# TASK TO COMPLETE
Would you output the entries below only from the line containing "GoToMeeting conference calling" through the line containing "Black and white", exactly as they stand and with both ends included?

# DATA EXTRACTS

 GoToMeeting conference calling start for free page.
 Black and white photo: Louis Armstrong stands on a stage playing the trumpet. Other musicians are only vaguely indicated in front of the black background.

==

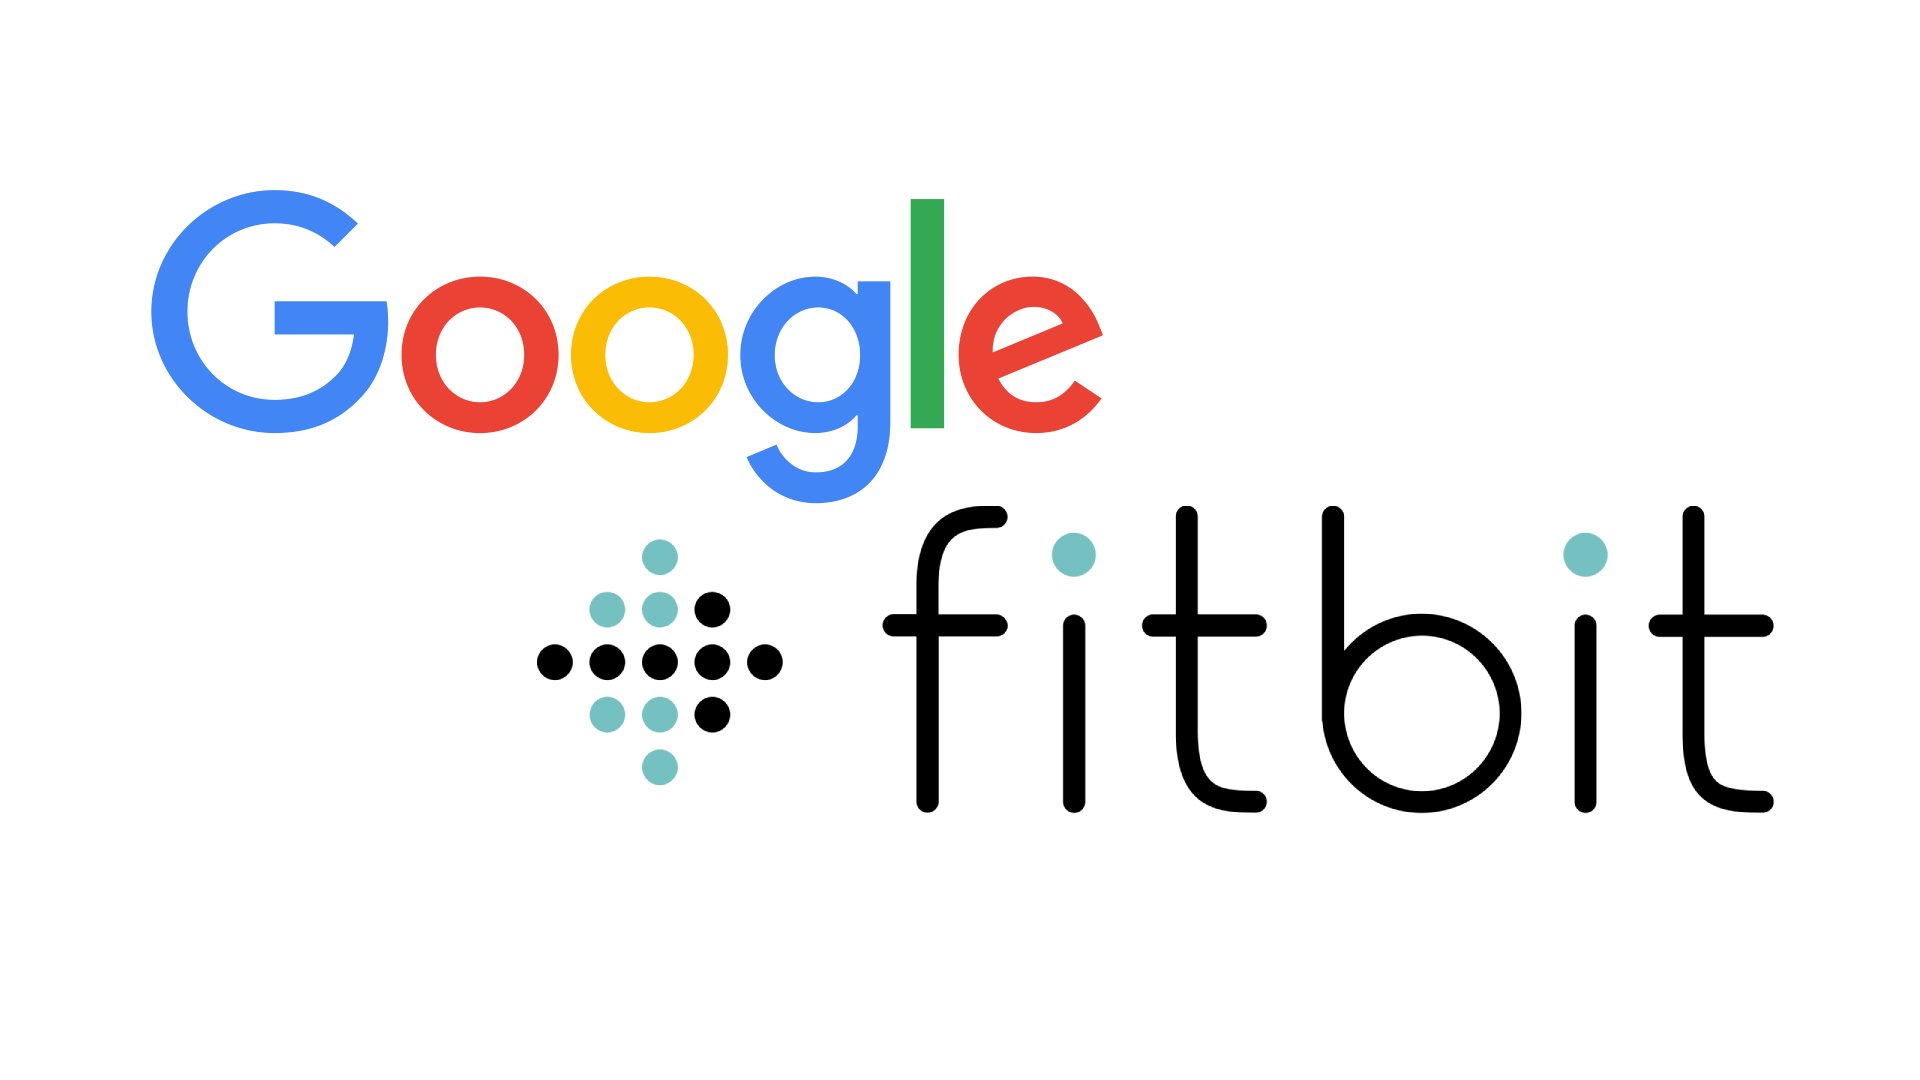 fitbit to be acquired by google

...

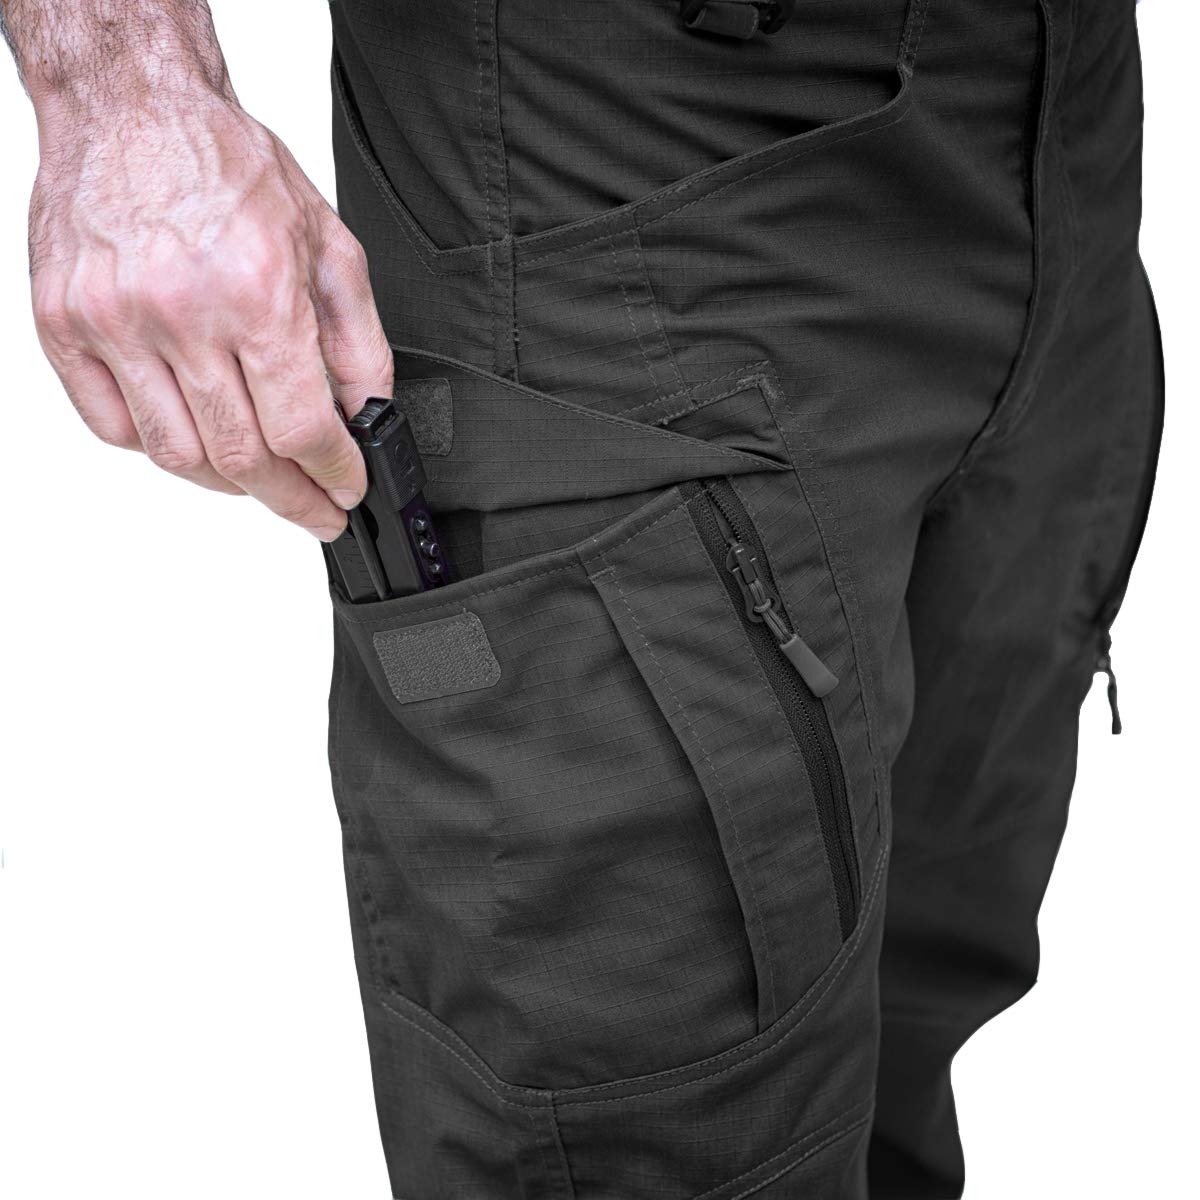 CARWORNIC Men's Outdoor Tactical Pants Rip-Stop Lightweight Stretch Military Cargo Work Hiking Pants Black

# RESULT OF THIS TASK
 GoToMeeting conference calling start for free page.
 Black and white photo: Louis Armstrong stands on a stage playing the trumpet. Other musicians are only vaguely indicated in front of the black background.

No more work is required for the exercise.